WHAT YOU ARE ASKED TO DO>
Print the listing below exactly, images excluded.

GIVEN INFORMATION>
-=-=-

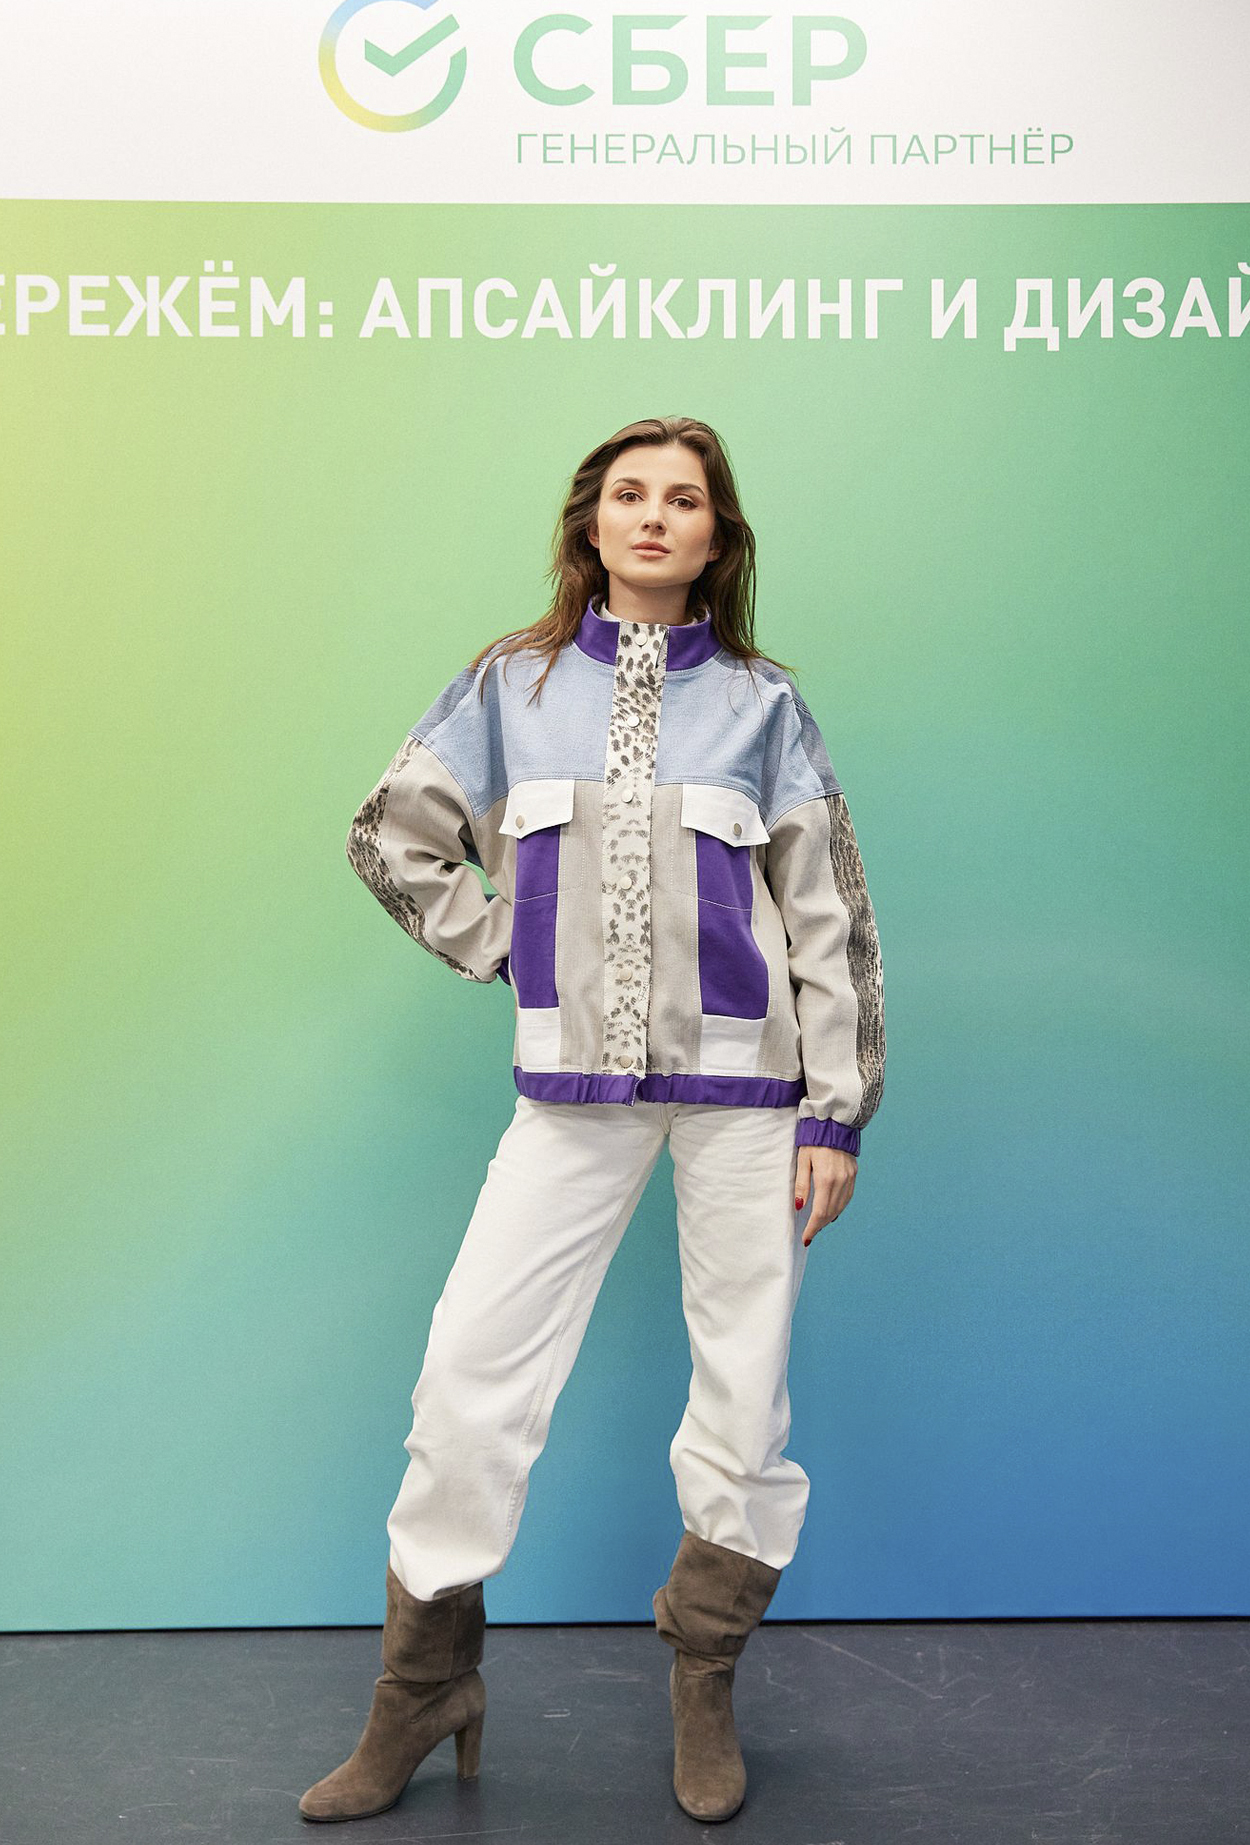 Анастасия Рогова: интервью с дизайнерами ТОП-10 конкурса «СБЕРЕЖЕМ: апсайклинг и дизайн 2022» 4
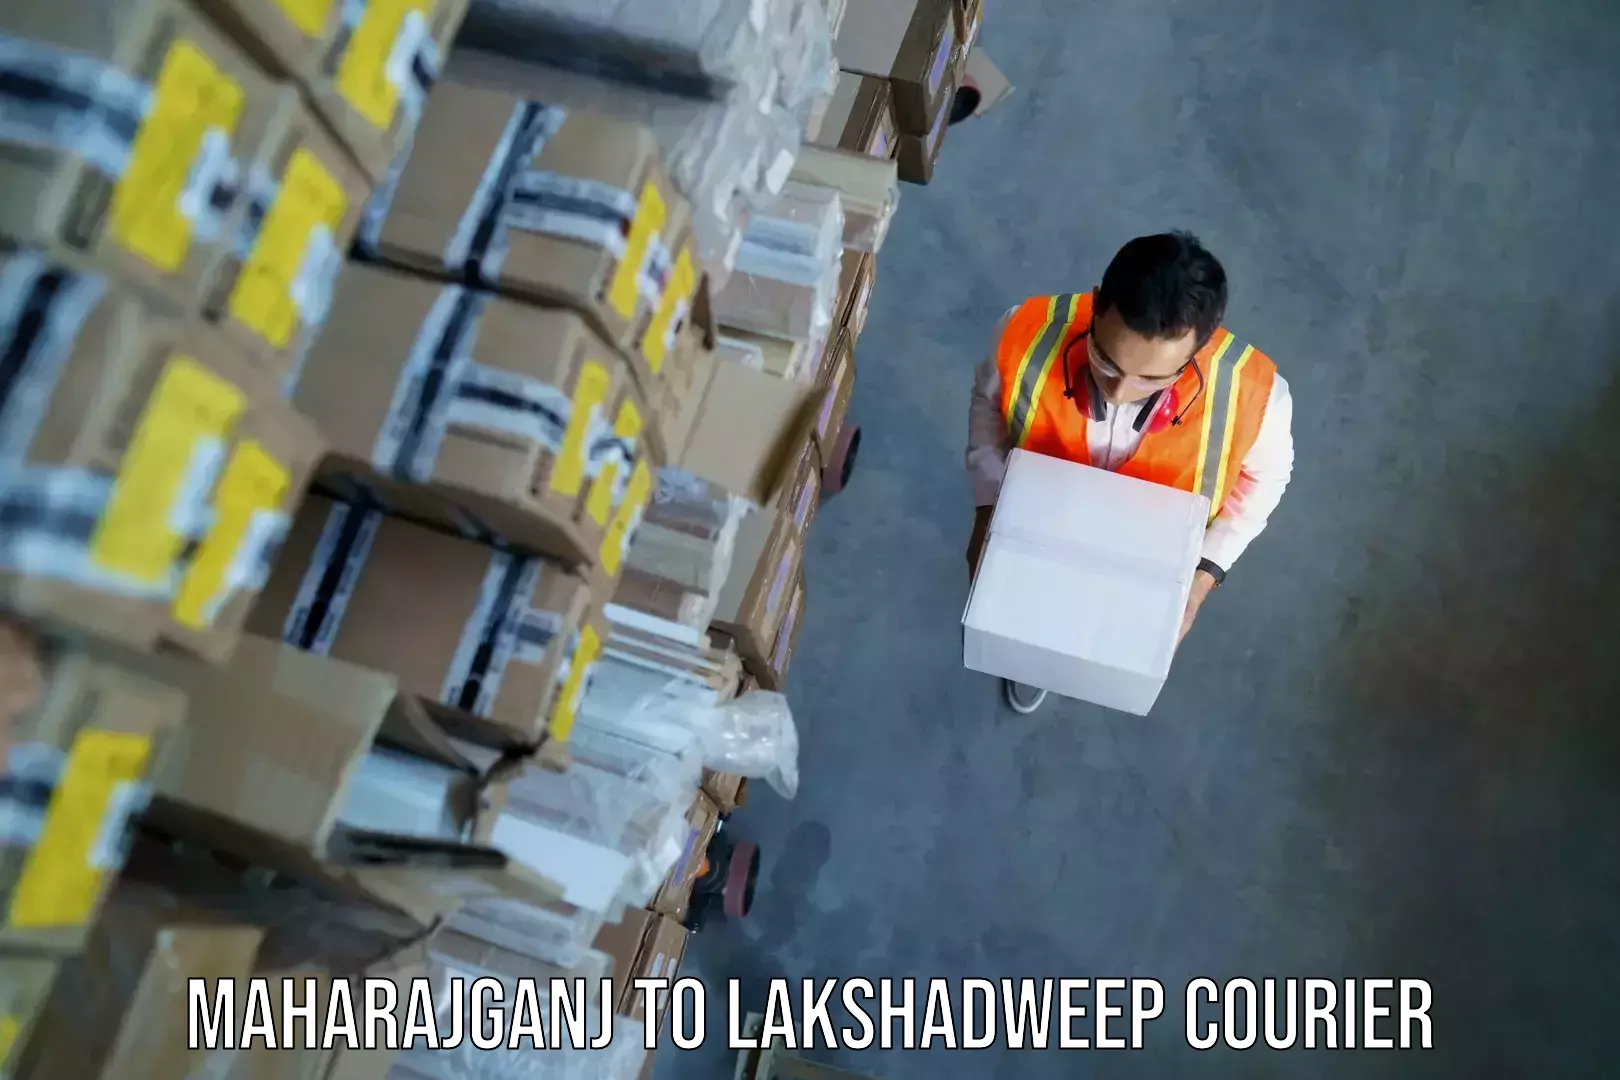 Baggage transport scheduler Maharajganj to Lakshadweep
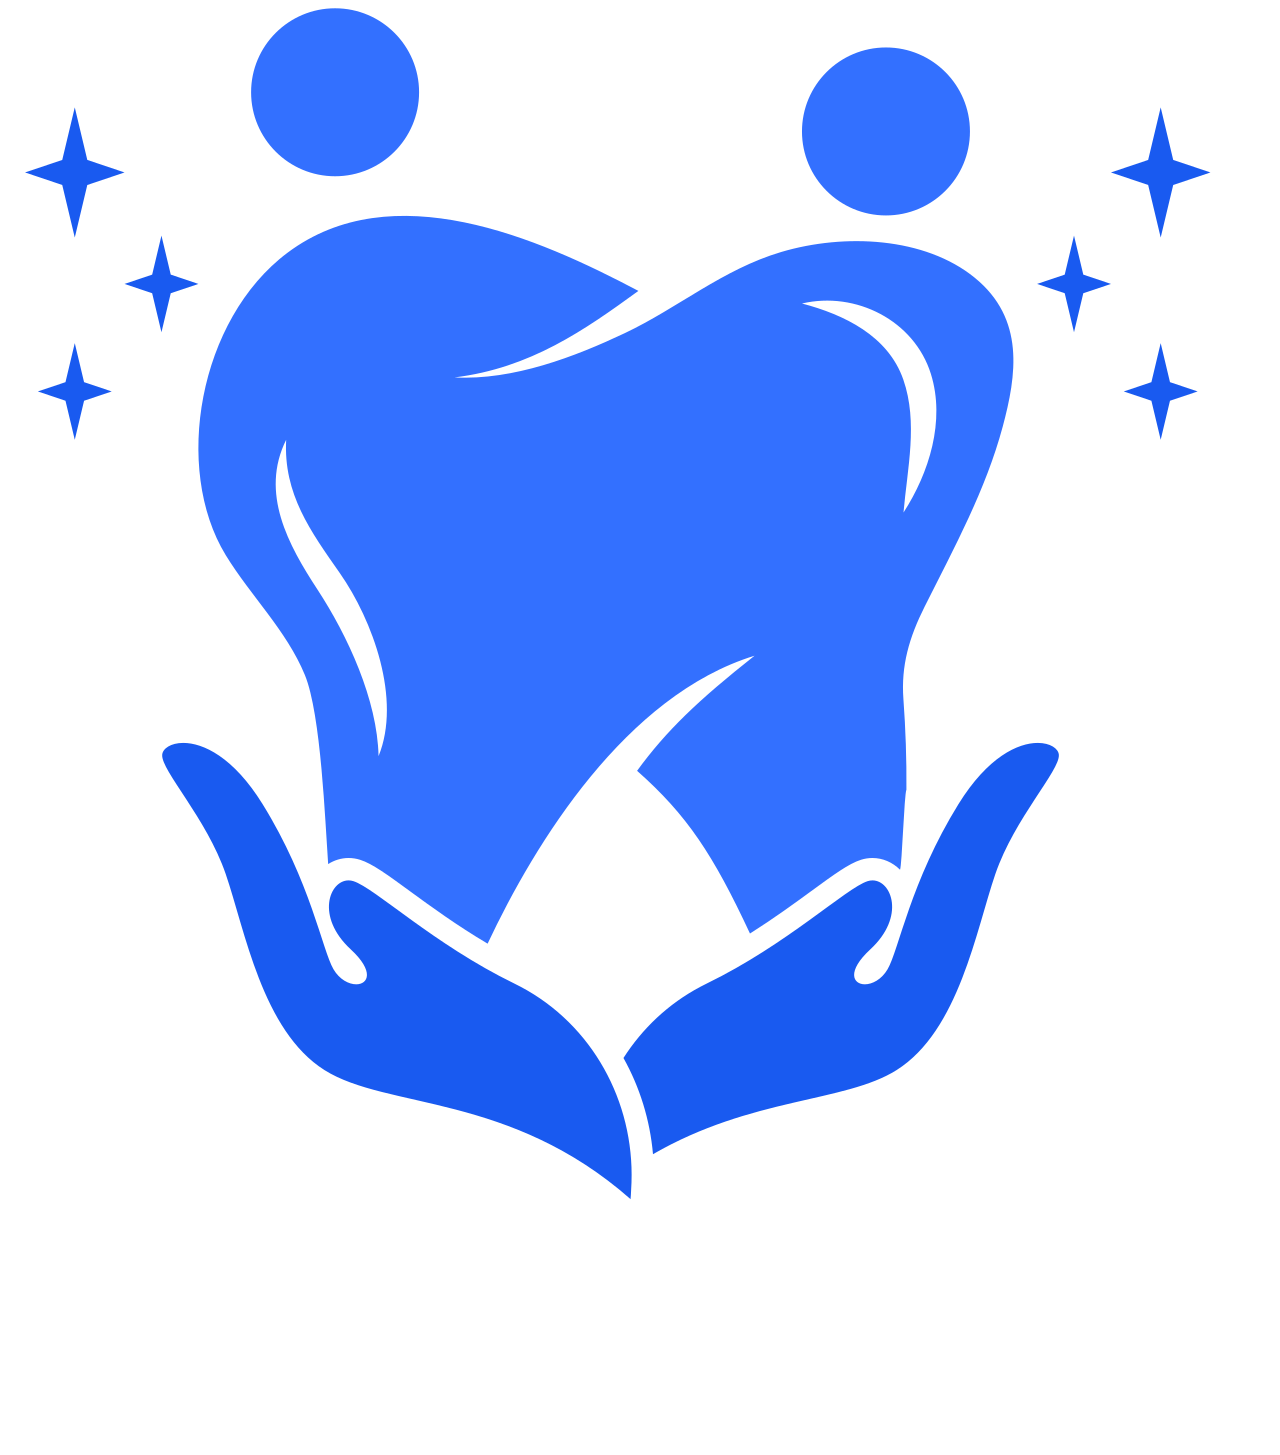 LOOLAK's logo

-=-=-

TASK RESULT>
 Анастасия Рогова: интервью с дизайнерами ТОП-10 конкурса «СБЕРЕЖЕМ: апсайклинг и дизайн 2022» 4
 Baggage transport scheduler Maharajganj to Lakshadweep
 LOOLAK's logo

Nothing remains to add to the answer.